Week after week, Jess and I would rush through dinner and load up our minivan with bags of diapers, wipes, books, toys, and spare clothes. Then we would leave at 6 to make our stop-and-go trek toward the home of the group's host couple, my wife often scrambling to write down answers to the week's homework questions as I drove. Having arrived, one of us would begin mingling with the group, while the other took our son to a spare room to keep him occupied and (relatively) quiet. After an hour or so, we'd switch places.
Whew! Just writing this down brings back tough memories and emotions. It was a genuinely tough time for our family, and one unavoidable fact made things even more difficult: I was the group leader.
What would you do in a situation like that? How would you handle being involved in a group that you genuinely loved, but was genuinely draining the life out of you and your family?
Jess and I decided that our best course of action was to leave. We waited until the summer, when our group naturally took a break for a couple months, and then informed the rest of the group about our plans. It was a difficult conversation, of course, and we still miss seeing everyone on a regular basis—we miss the community that had been built. But we know it was the right call.
That still leaves our original question unanswered, though. When does a small group cross the line between supportive community and draining obligation? Obviously, I don't advise people to skip out of their small group every time things get a little inconvenient or stressful. So how do you know when it's time to go?
There's no straight answer, of course. But there are some common symptoms I've observed in my own life, and in the lives of others. Here are a few of the main ones:
- You bring a negative attitude to the group. I would often pour out my frustrations to the rest of the group during our prayer and fellowship times. I wouldn't complain about the group situation, necessarily, but would instead gripe about my commute to work, our inability to purchase a home close to the church, our frustrations as new parents, etc. I knew things had gotten a little out of hand when my wife began to scold me after meetings for being "morose."
- You continually "misfire" in your responsibilities within the group. Things like forgetting to answer homework questions, not following through on promises to pray for people, forgetting to bring snacks, and so on are all signs that you are mentally and emotionally detached from the group, if not physically.
- You regularly fail to attend group meetings. This is physical detachment. If the group has become low enough on your priority list that you are unable to consistently attend, it's probably time to move on.
- You've identified a clear alternative.

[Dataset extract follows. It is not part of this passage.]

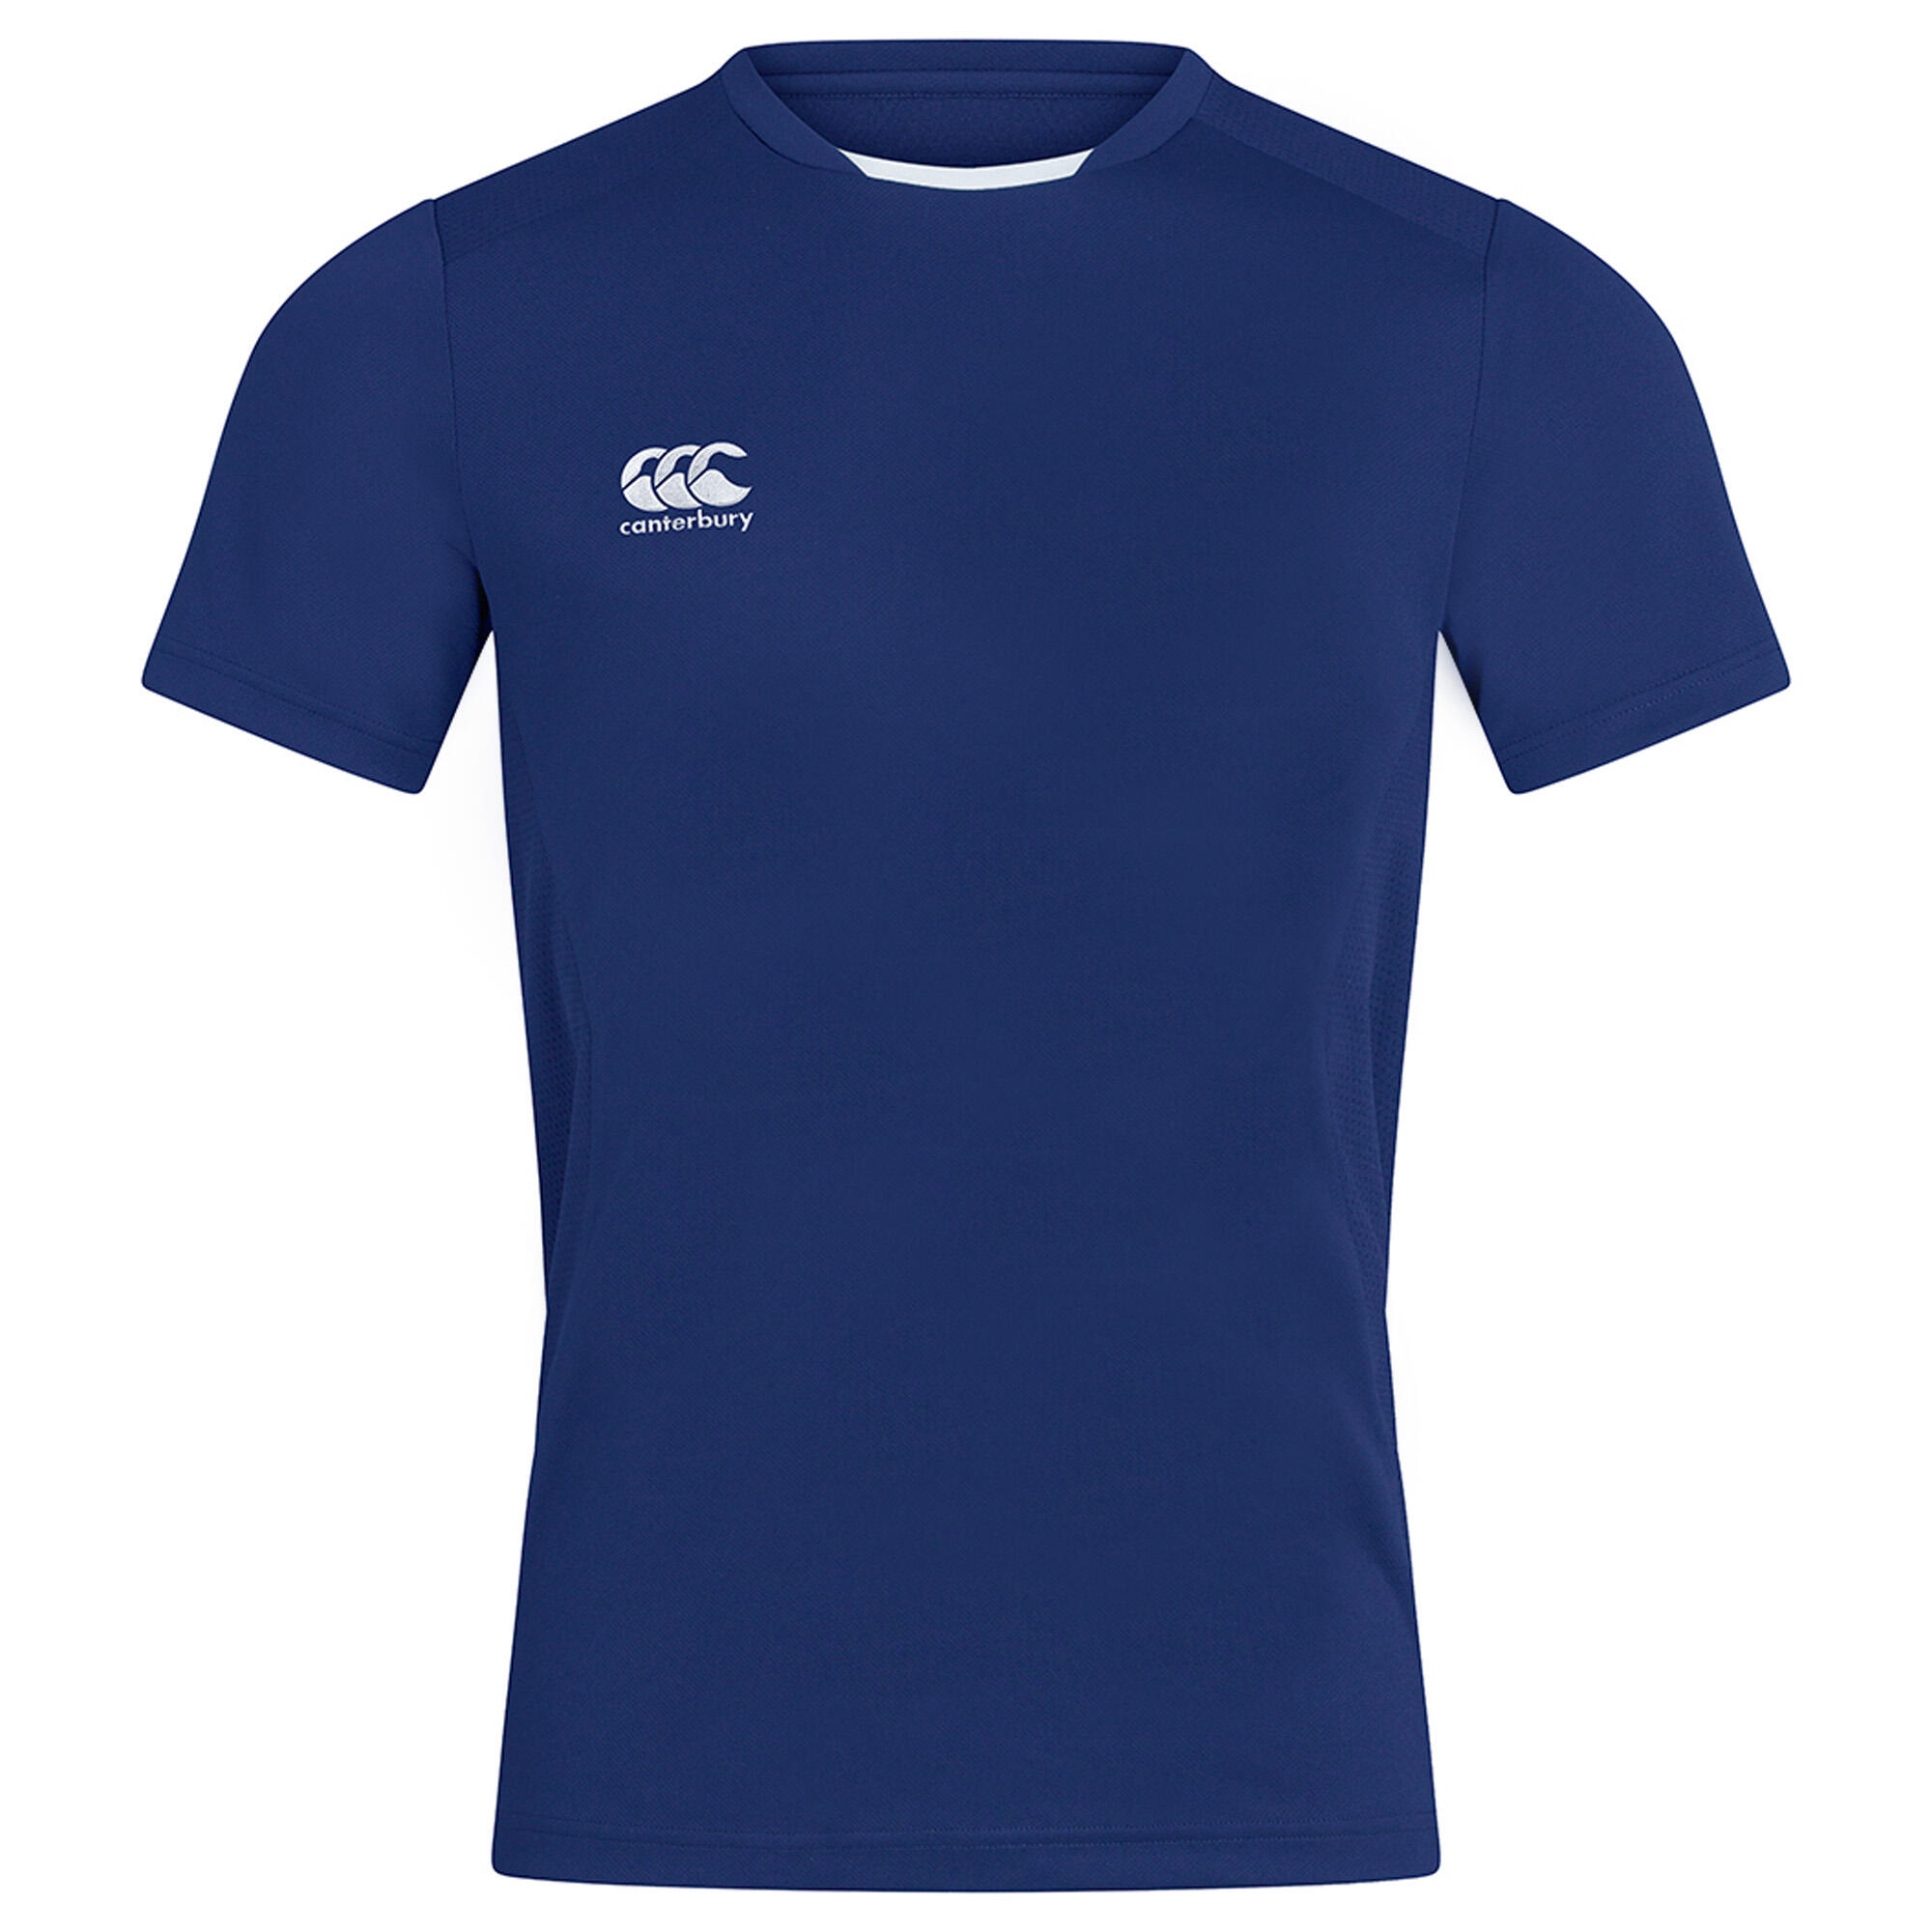 CANTERBURY Unisex Adult Club Dry TShirt (Royal Blue)

Like Randy Frazee and his neighbor's community gatherings, sometimes there is a specific activity or opportunity that you find yourself thinking about often. "If I didn't have to go to small group, I could … ." Now, I'm not talking about a television show you'd like to watch, or more time spent at work. I'm talking about a different way to slake your inborn need for community.
- You just know. Small groups are cyclical—they all have a pattern of birth, life, growth, decline, and death. The same thing is true for individual involvement in a small group, and sometimes you just know that the time has come to try something else.

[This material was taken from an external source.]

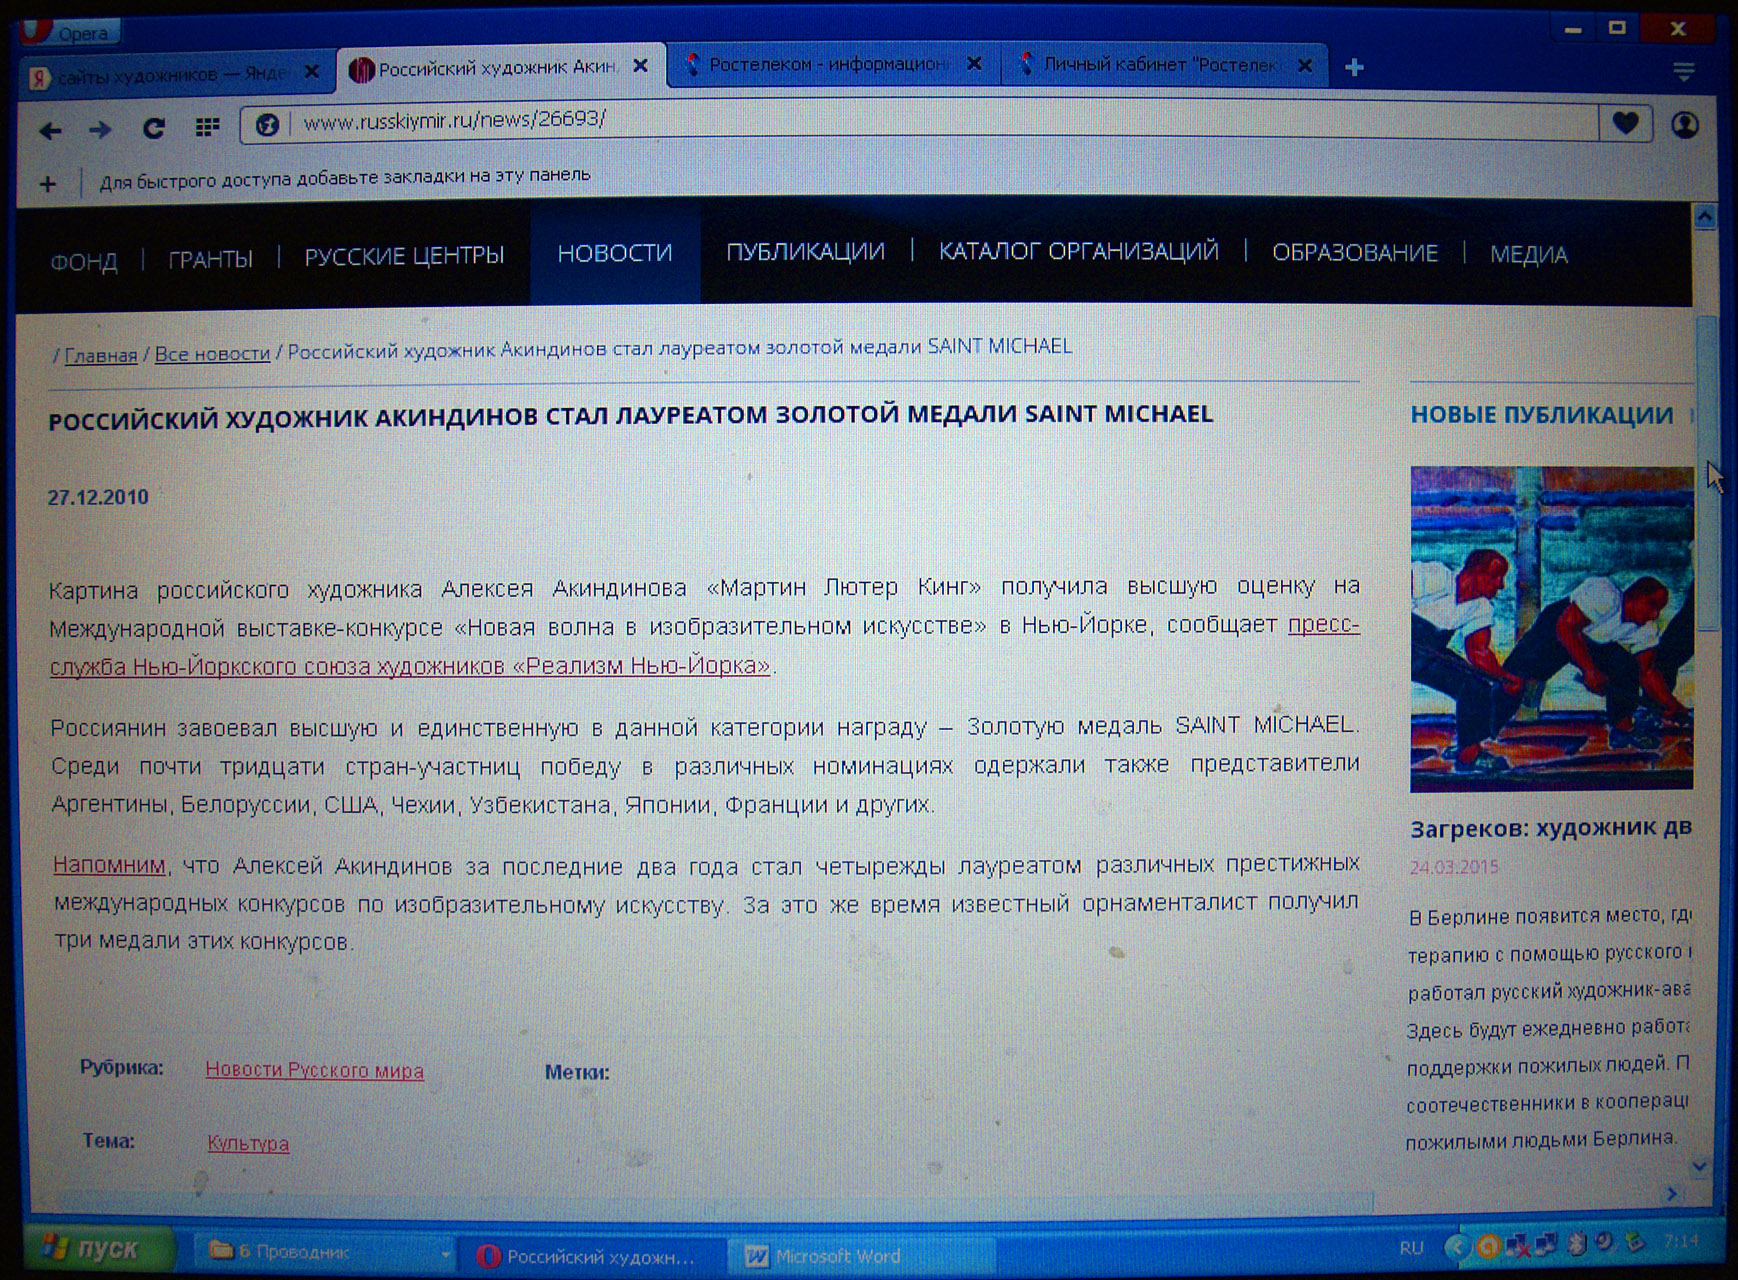 russkiy mir site laureat 2

In lieu of a conclusion, let me again emphasize that leaving a small group should not be your first response to difficulty, conflict, or any kind of stress within your group. It should not be your second response, or fifth. Any decision to walk away from a supportive community of Christians should be a last resort—a final option.
But sometimes we need to be reminded that it is an option. And if your small group has become something life-draining instead of life-giving, it's an option you may need to consider.